IQA World Quizzing Championships 2010 (WQC)                Join us now!

Full results of the 2010 will be put on line very soon

For full results outside of top200: click here 


(Juniors are listed in blue)



























How does it all work? Read it here:


Practical Information:


1a. What is the WQC?

The WQC is an inidividual written quiz that is organised around the globe at the same time. In Western Europe the time is 3pm to 5pm on June 3rd (which means it will be morning in Canada, evening in India, late evening in Malaysia; for countries like Australia where this would be past midnight, a difference of max 2 hours is allowed).

The quiz consists of 240 questions, to be answered in a maximum allowed time of 120 minutes. The questions are divided over 8 categories of 30 questions each, as listed below:

Entertainment Pop music, Classical music, Opera, Jazz/World music, Television, Radio, Ballet, Film music
Lifestyle Human body, Health & Fitness, Food & Drink, Costume, Fashion, Design, Handicrafts, Tourism
World Geography, Cities, Space, Inventions, Technology, Transport
Sciences Exact sciences, Social sciences, Fauna, Flora
History History, Current Affairs, Exploration, Famous people, Civilisations
Culture Fine art, Architecture, World Cultures, Philiosophy, Museums, Religion, Mythology
Sports Sports, Games, Hobbies & Passtimes, Records
Media (or other name) Film, Literature, Language, Comics

The total score of an individual is the sum of the best 7 categories. So the worst category can be dropped (this was originally done to attract more women to the competition so they could drop 'Sports' and now it is part of the rules). The result on the worst category however will be taken into account in case of an ex aequo.

To assure fairness, the knowledge of English (or any other language) should not be a deciding factor. That's why for the WQC all questions will be translated to the native language of the participants. In Belgium most people get the questions in Dutch, in Finland in Finnish etc. They will all be allowed to answer in there native language too. 

1b. How is the local organisation done?

The people participating in the event, will have to be assembled in one venue to ensure there is no foul play (like working in groups, taking more than the alloted time, using reference works or the internet). We are also thinking of way in which we can assure this with people participating from home (especially in large countries), but we have not yet reached concensus on that point.

The first thing to do is to designate a country representative. This guy will coordinate things in that country and will normally not participate.

If wanted, he/she can be involved in the voting for the question selection (see 1c).

Obviously it is handy (or perhaps even necessary) if we could talk to this person beforehand. That can be done through Skype or in a personal meeting.

So what then needs to be done, is renting a venue, advertise the event among the country's quiz players and get the inscriptions going. If you are able to get a cheap venue at the university for instance that would be great. If likely only a couple of players will attend, the venue can be someone's living room at no cost at all.

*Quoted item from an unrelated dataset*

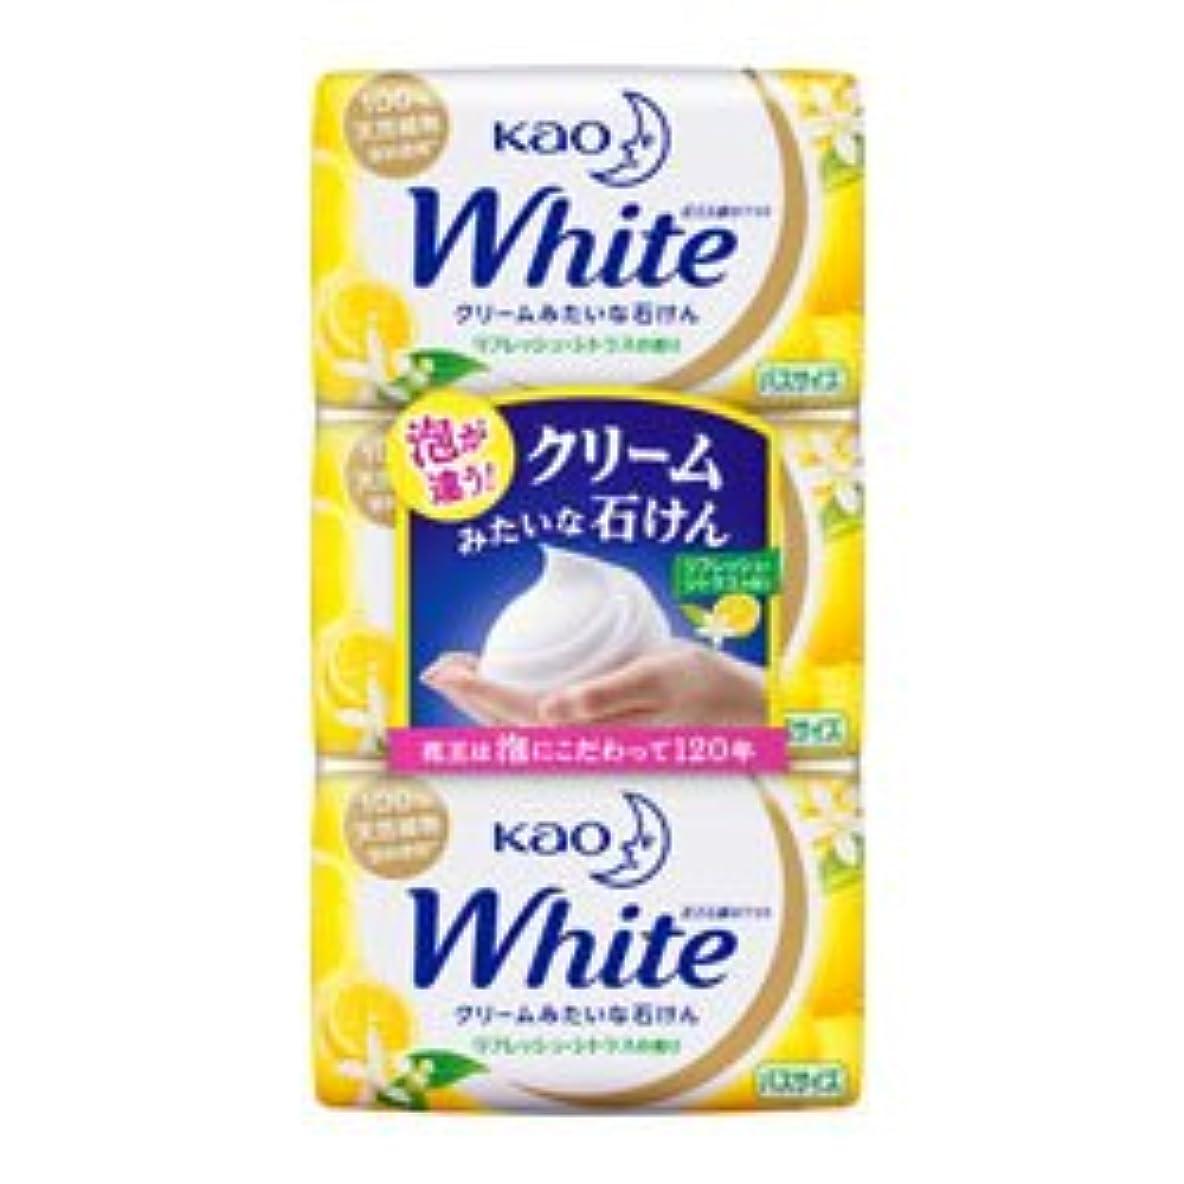 にロンドン畝間【花王】ホワイト リフレッシュ?シトラスの香り バスサイズ 130g×3個入 ×20個セット
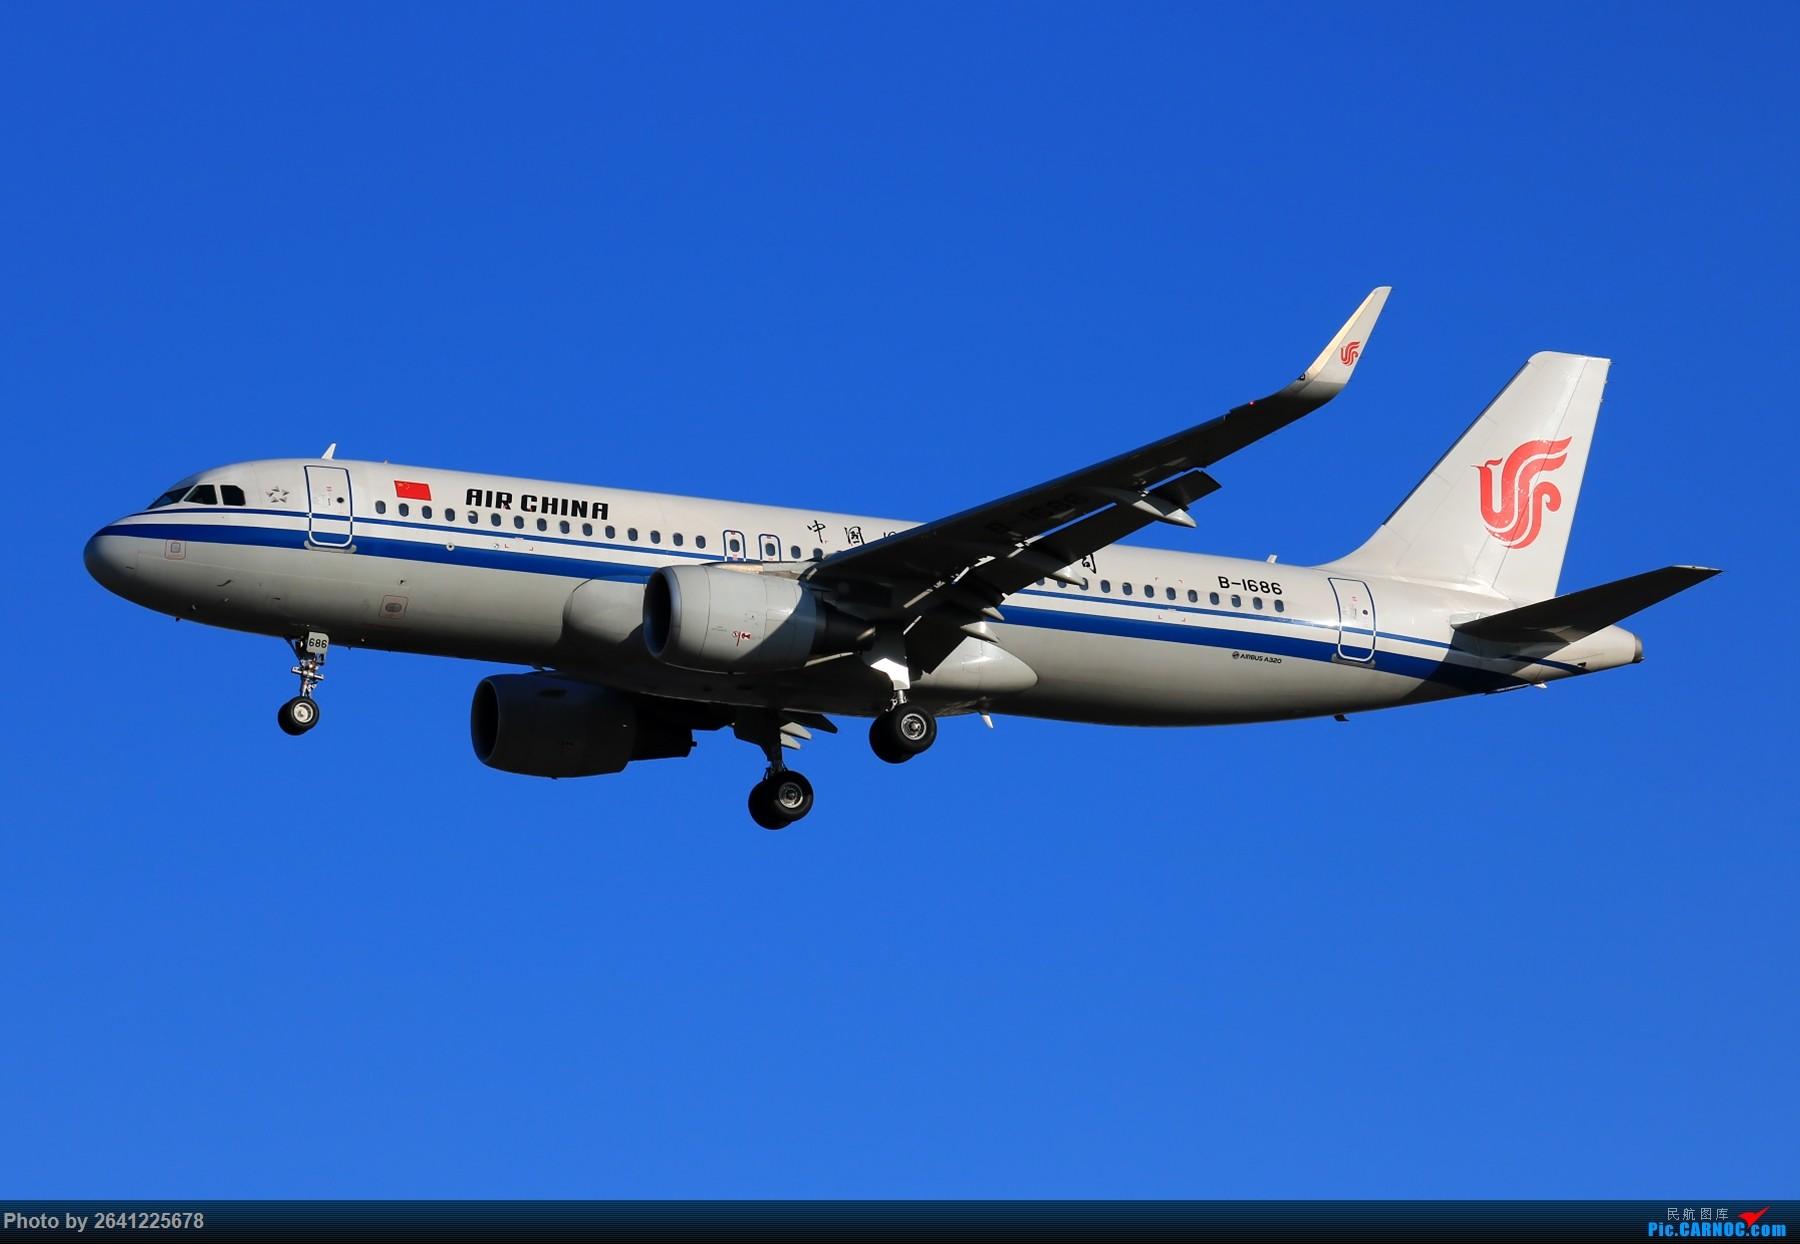 Re:[原创]【PEK】六七级北风吹走了雾霾,吹不走拍机的热情!1800*1200/1920*1280一组 图片略多,慢慢发 AIRBUS A320-200 B-1686 中国北京首都国际机场

In that venue, you'd need a PC to be able to e-mail the results as soon as possible after the completion of the quiz. We also use a computer projector to make it a bit nicer, but that is not a necessity.

Obviously, a big country can have multiple venues (India will have at least 4 this year: Delhi, Pune, Bangalore and Calcutta), but in every venue we need a trustworthy person to oversee the event and send the scores.

The idea is that within 1-2 hours after the end of the event the complete scores are e-mailed to some central location (normally in the UK) where they are all processed and the results are then re-distributed to the various venues so everywhere the result can be announced.

What we do in Belgium is we organise a team quiz that starts at 8pm and the results are then announced during a break at 10pm. That way people of something else to do except wait for the results. But that's the choice of every country of course.

1c. Where do the questions come from?

The set of 240 questions, divided over 8 different categories, is made by an international team of professional or semi-professional question setters. At the last WQC the team comprised of one person from the UK, one from Estonia, one from India, a group from the US and one from Belgium. The team makes sure that every subject is represented and also that the questions are fairly spread geographically (for instance special precautions are made that not too much emphasis is laid on Anglo-American culture, but that also questions on for instance French, German, Spanish but also African and Asian subjects are fairly evenly represented).

The questions that were set, are then sent to the country responsibles who can vote what questions actually will make the quiz (we normally make 3x too many questions) and in some cases can veto questions which they deem would give an unfair advantage to any given country.

All the questions are originally set in English, but are translated to the native language of the quiz players (Except in India, where because of the multitude of languages English is used as lingua franca).

For this year's event we are already far in the making of the questions. The voting will probably take place around April.